> **WHAT NEEDS TO BE DONE**:
Leaving out the images, please reproduce each line below exactly.

> **DATA EXCERPT**:

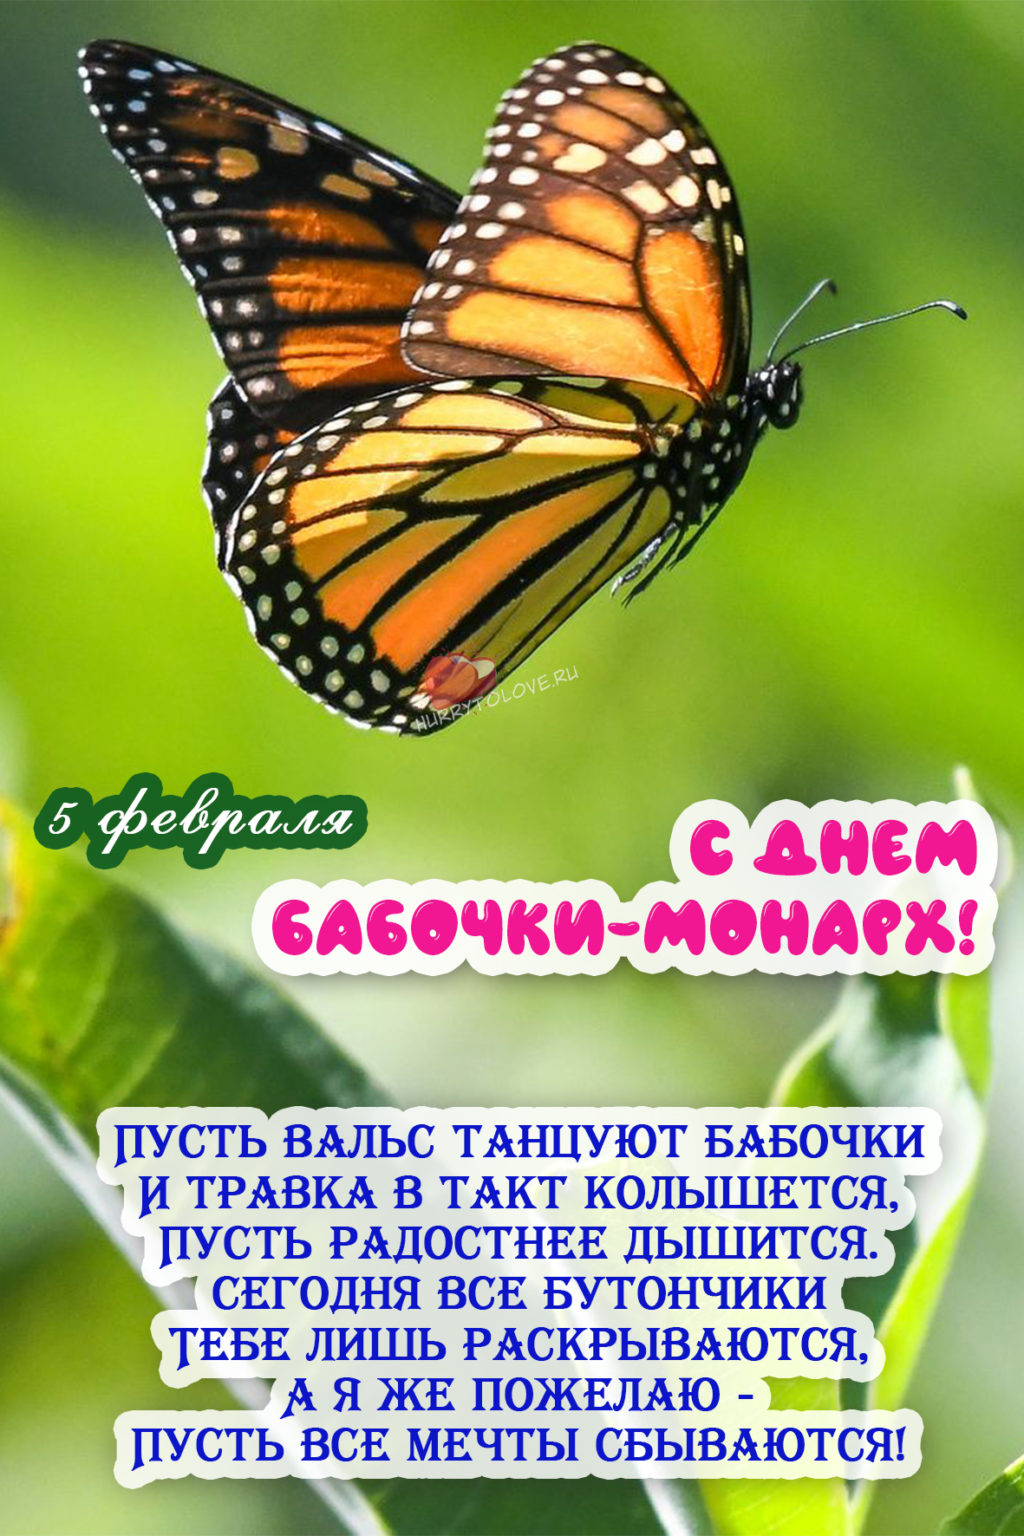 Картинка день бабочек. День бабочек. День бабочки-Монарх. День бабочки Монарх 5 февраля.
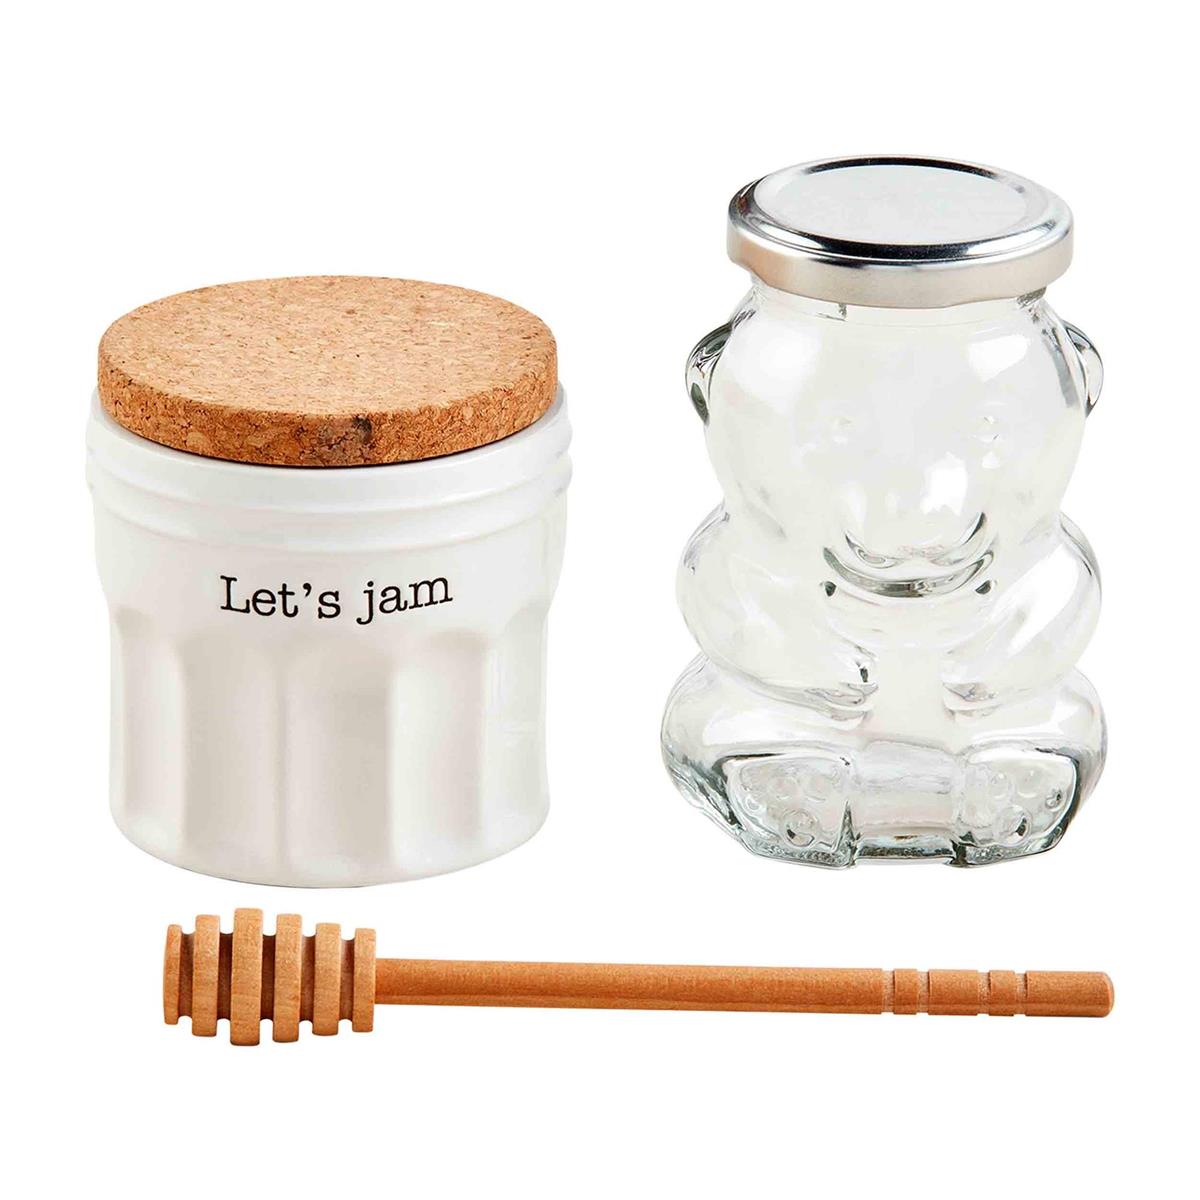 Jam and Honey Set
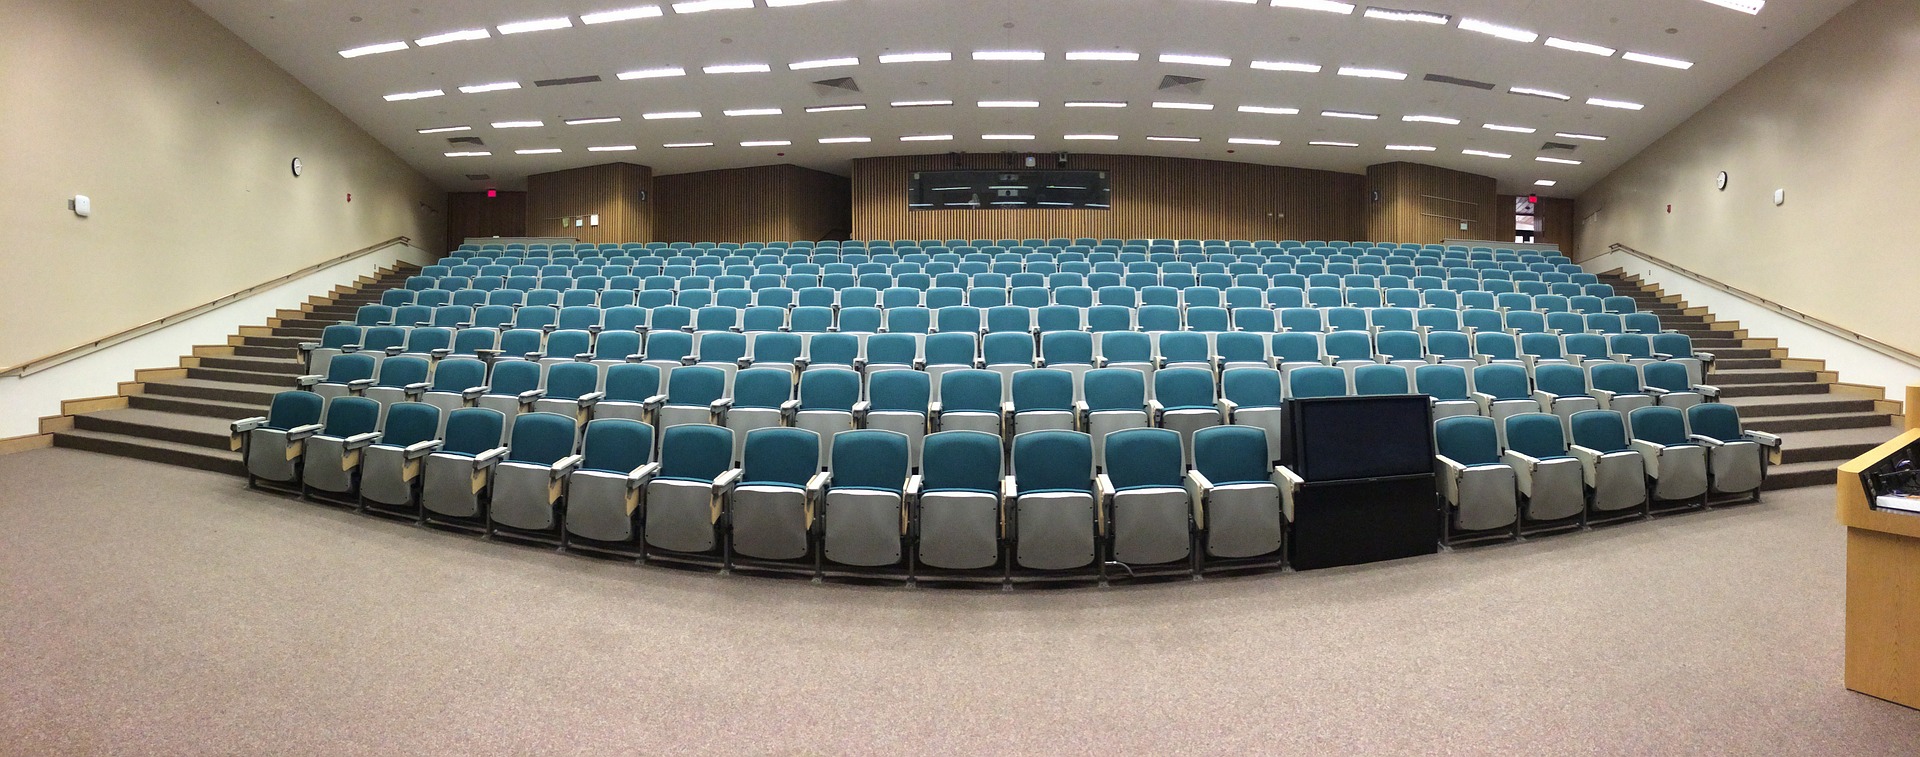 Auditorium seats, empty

> **EXERCISE ANSWER**:
 Картинка день бабочек. День бабочек. День бабочки-Монарх. День бабочки Монарх 5 февраля.
 Jam and Honey Set
 Auditorium seats, empty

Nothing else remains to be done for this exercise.